▸ Collected data:
>>

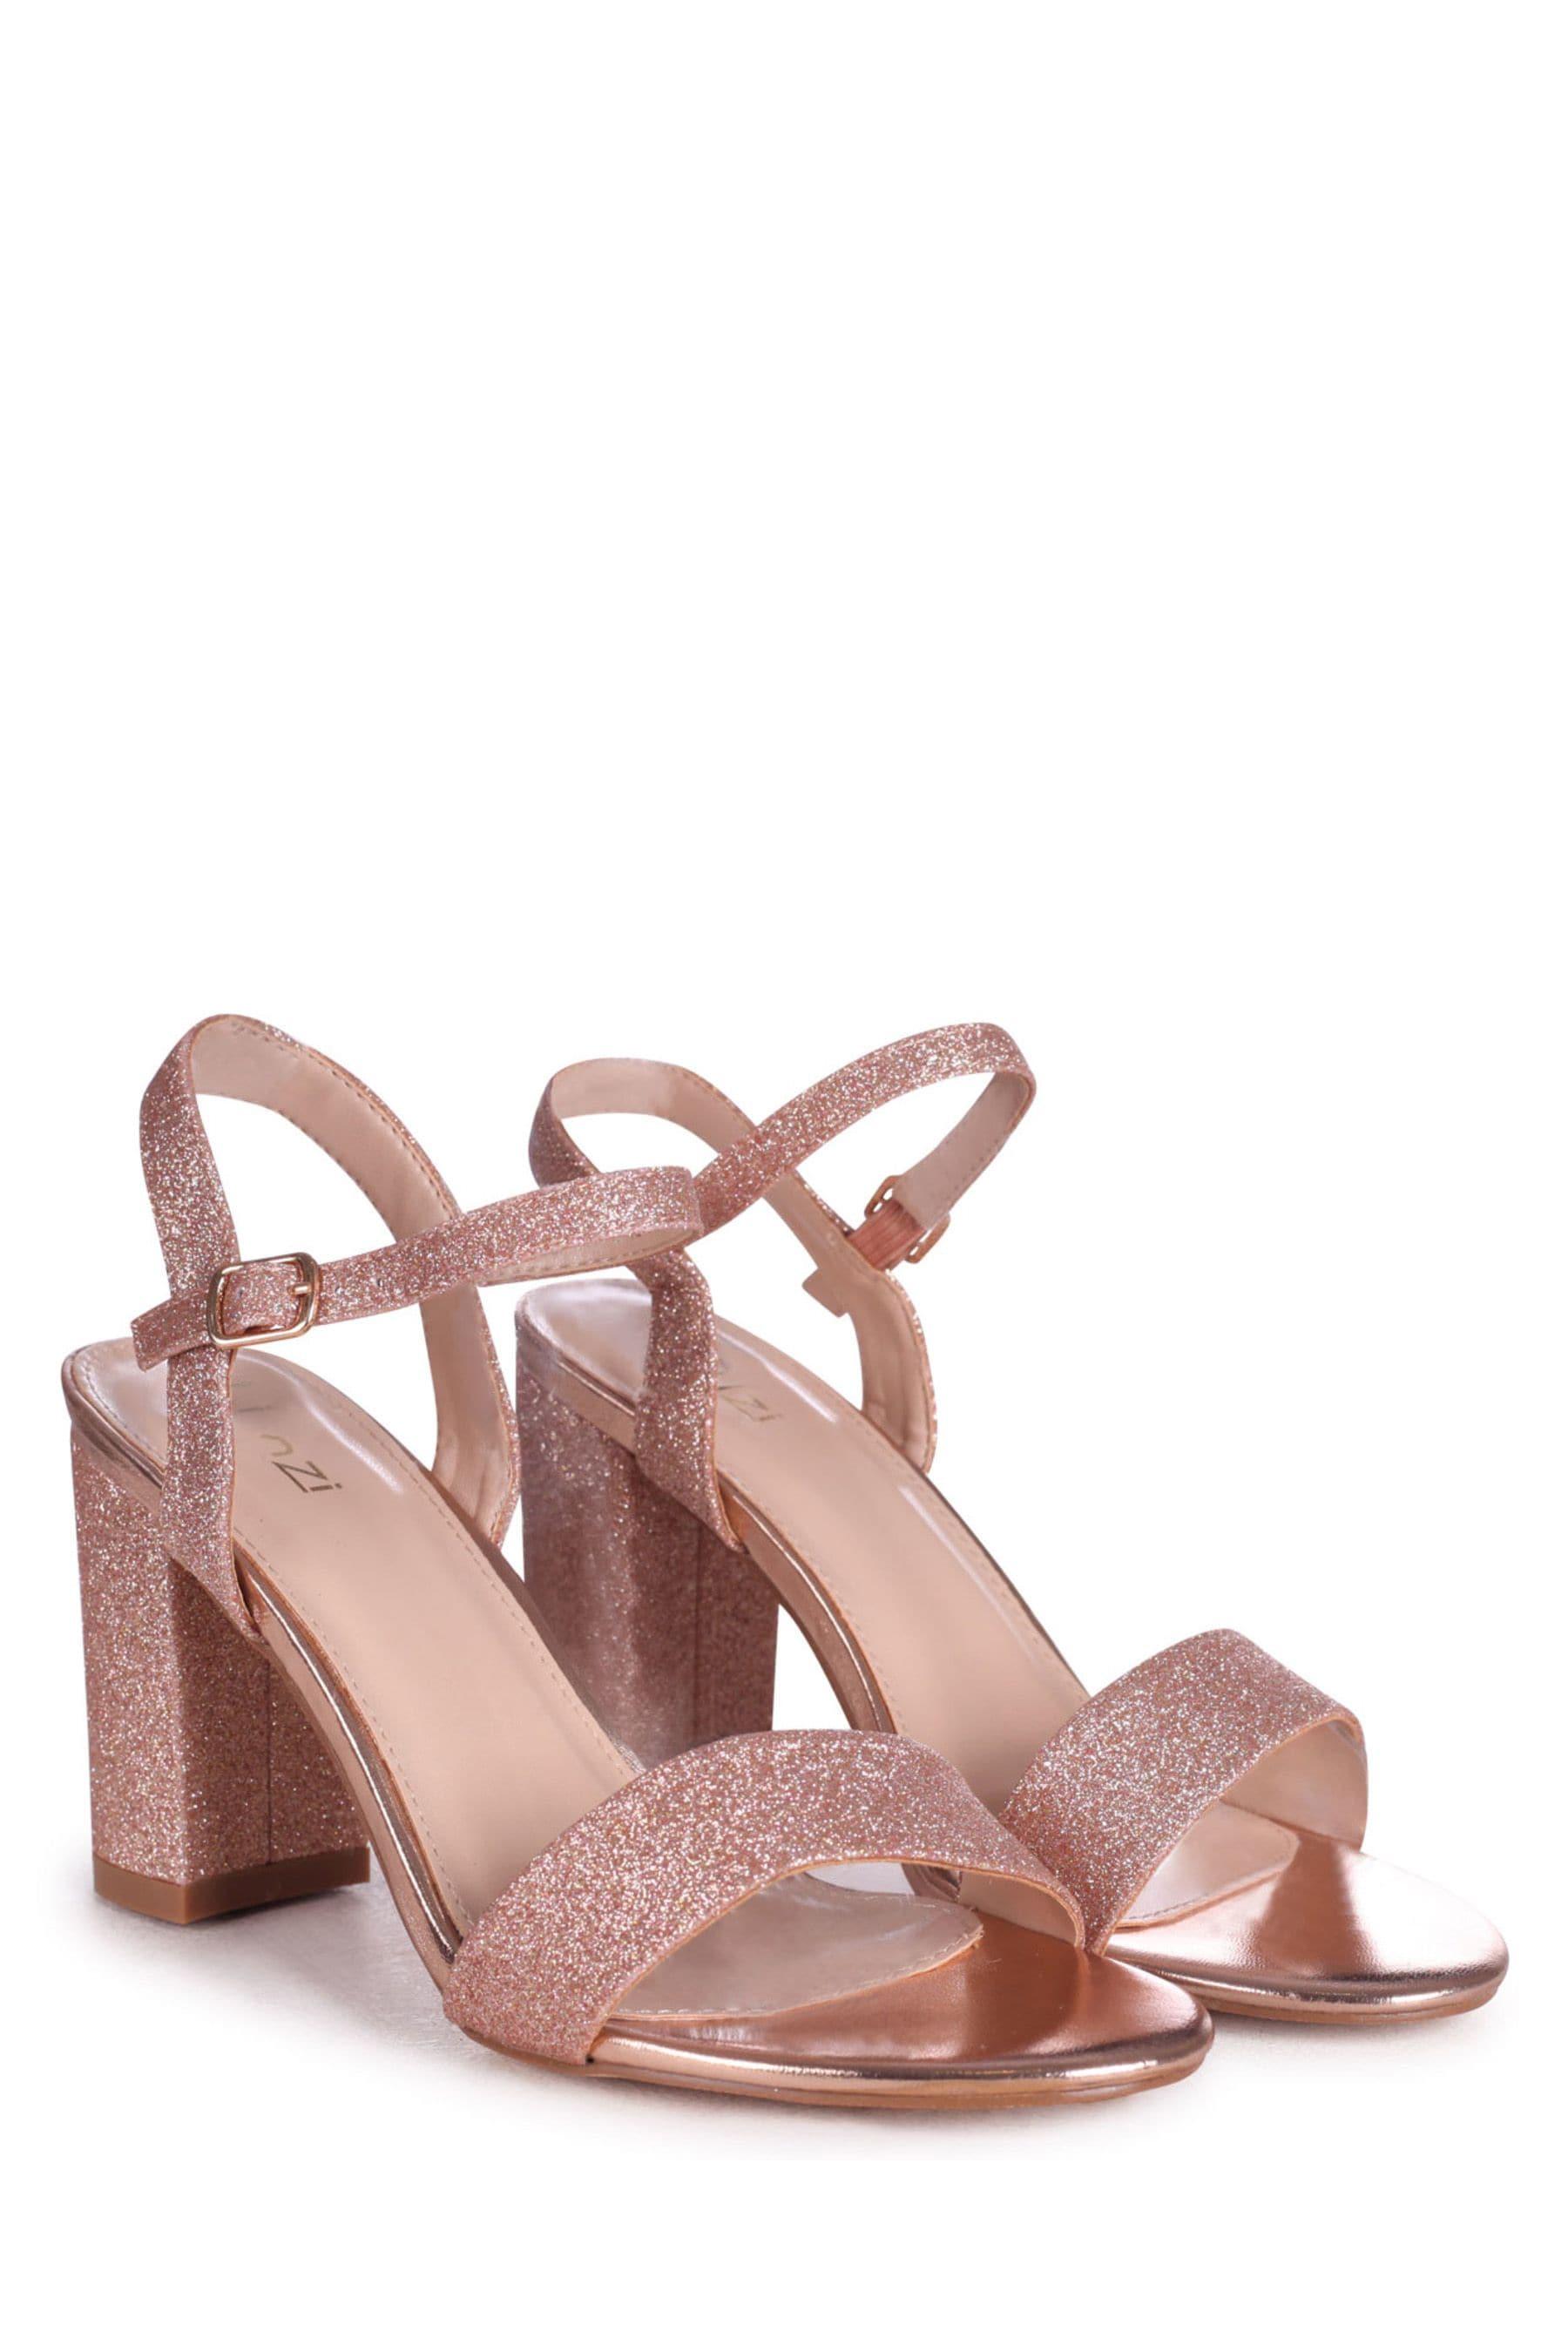 Linzi Ladies MONIQUE Barely There Block Heeled Sandal
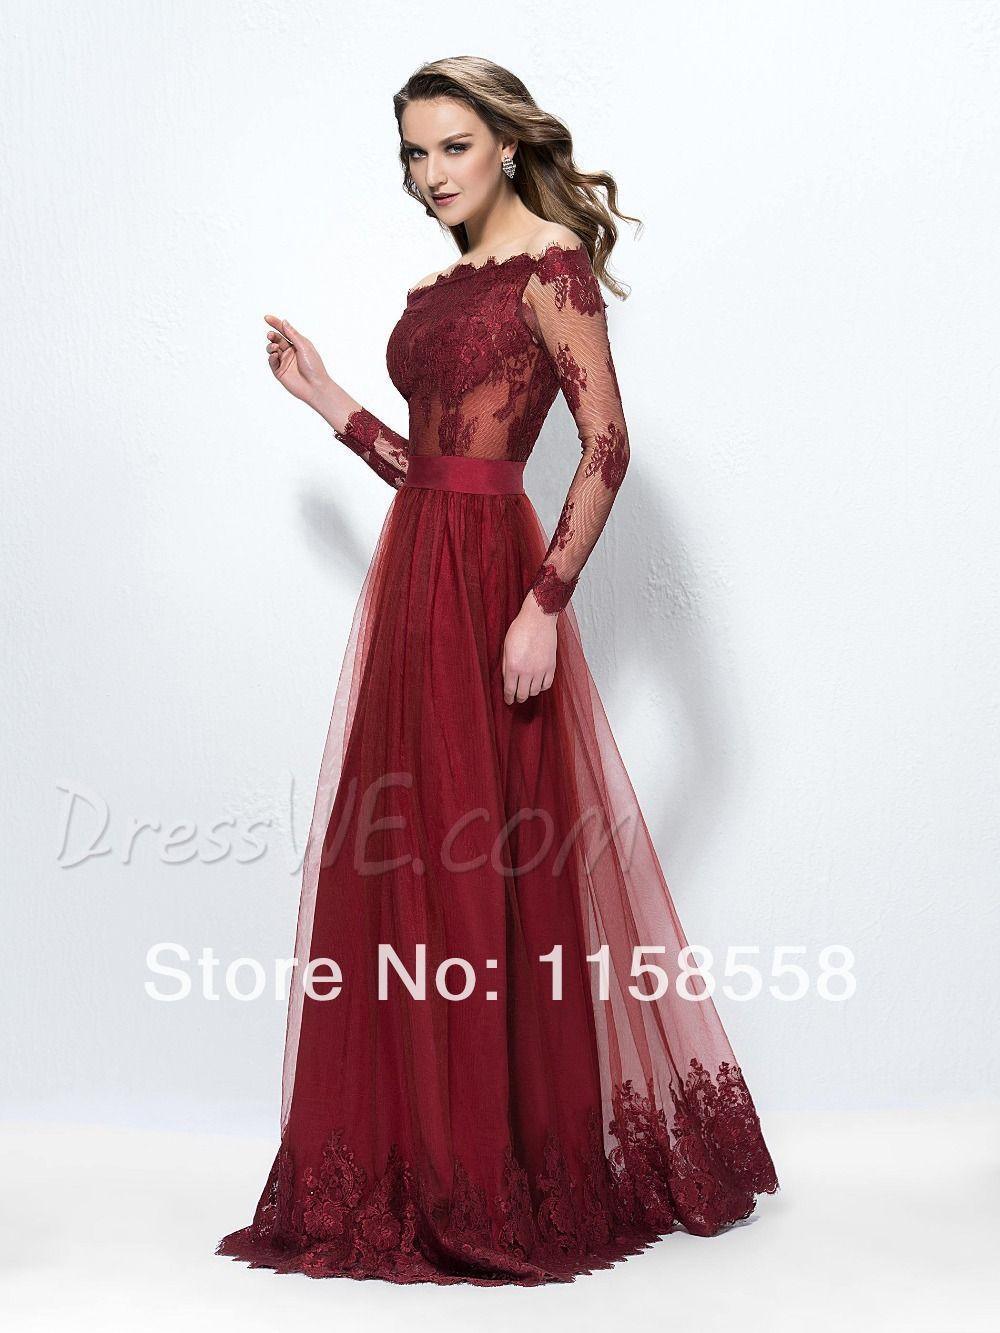 Evening Dresses Trends u images free download Cocktail
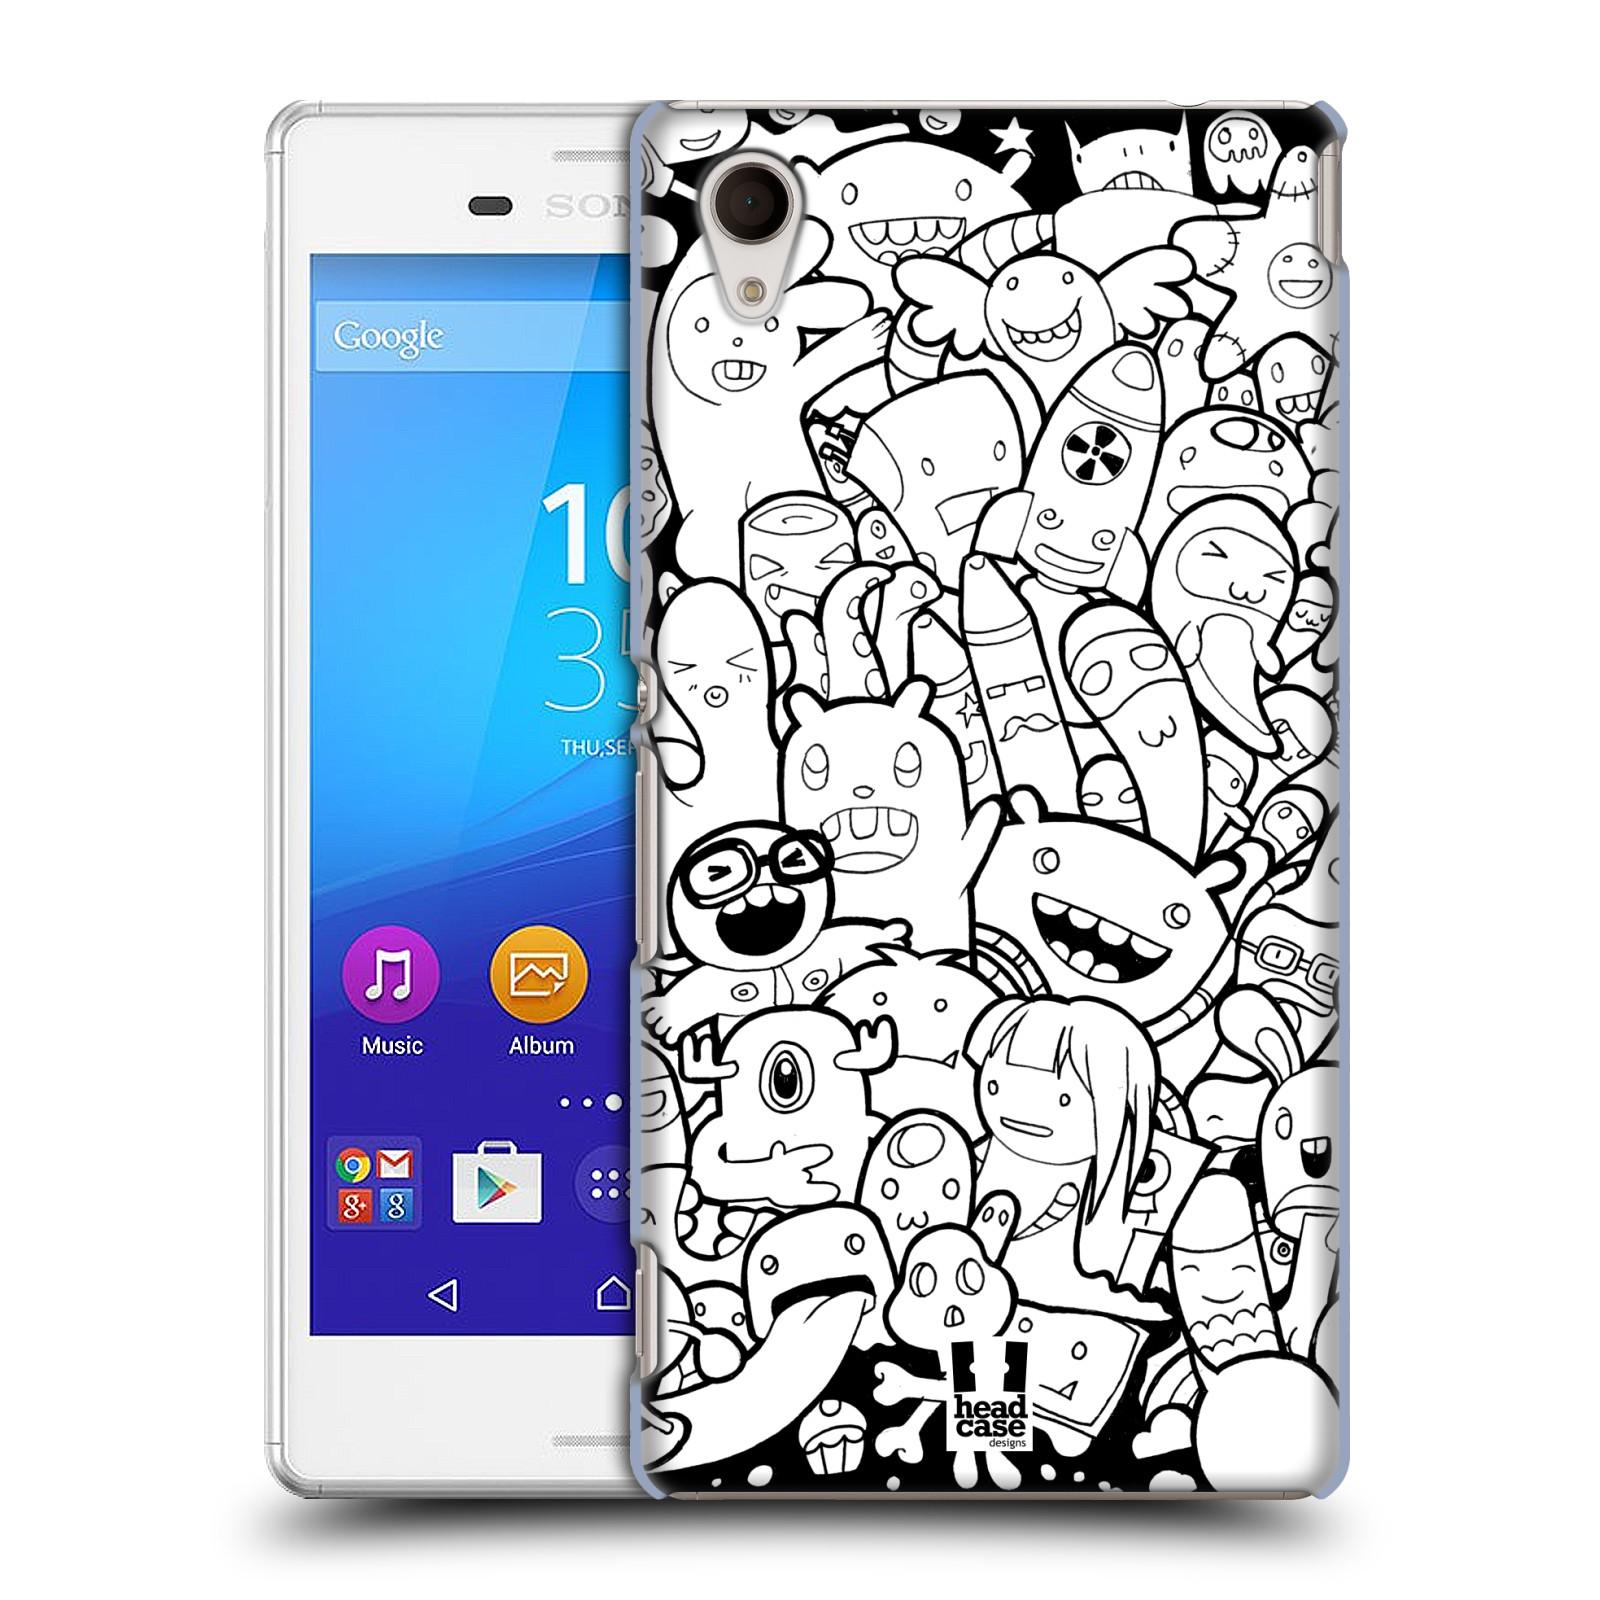 Plastové pouzdro na mobil Sony Xperia M4 Aqua E2303 HEAD CASE DOODLE PŘÍŠERKY A MIMÍCI (Kryt či obal na mobilní telefon Sony Xperia M4 Aqua a M4 Aqua Dual SIM)
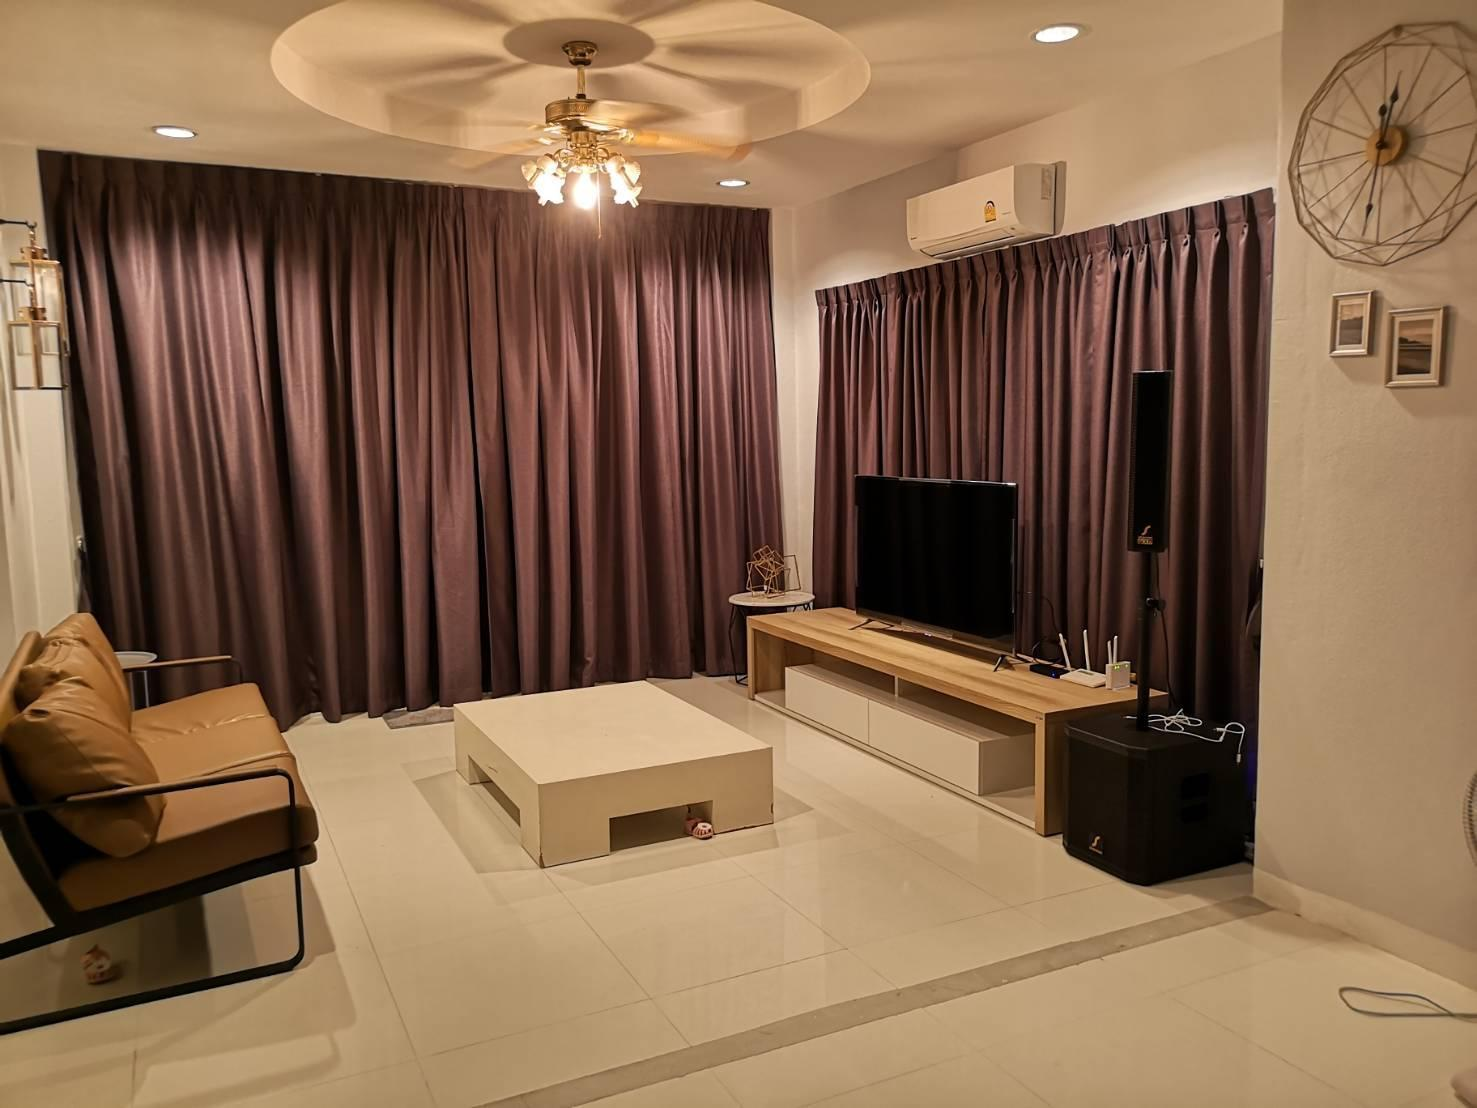 Baan Kiang Lay Phu View Hua Hin Pool Villa วิลลา 3 ห้องนอน 3 ห้องน้ำส่วนตัว ขนาด 350 ตร.ม. – กลางเมืองหัวหิน

<<

▸ Your assignment: Using the data above, write out every line exactly, leaving the images behind.

▸ Task output:
 Linzi Ladies MONIQUE Barely There Block Heeled Sandal
 Evening Dresses Trends u images free download Cocktail
 Plastové pouzdro na mobil Sony Xperia M4 Aqua E2303 HEAD CASE DOODLE PŘÍŠERKY A MIMÍCI (Kryt či obal na mobilní telefon Sony Xperia M4 Aqua a M4 Aqua Dual SIM)
 Baan Kiang Lay Phu View Hua Hin Pool Villa วิลลา 3 ห้องนอน 3 ห้องน้ำส่วนตัว ขนาด 350 ตร.ม. – กลางเมืองหัวหิน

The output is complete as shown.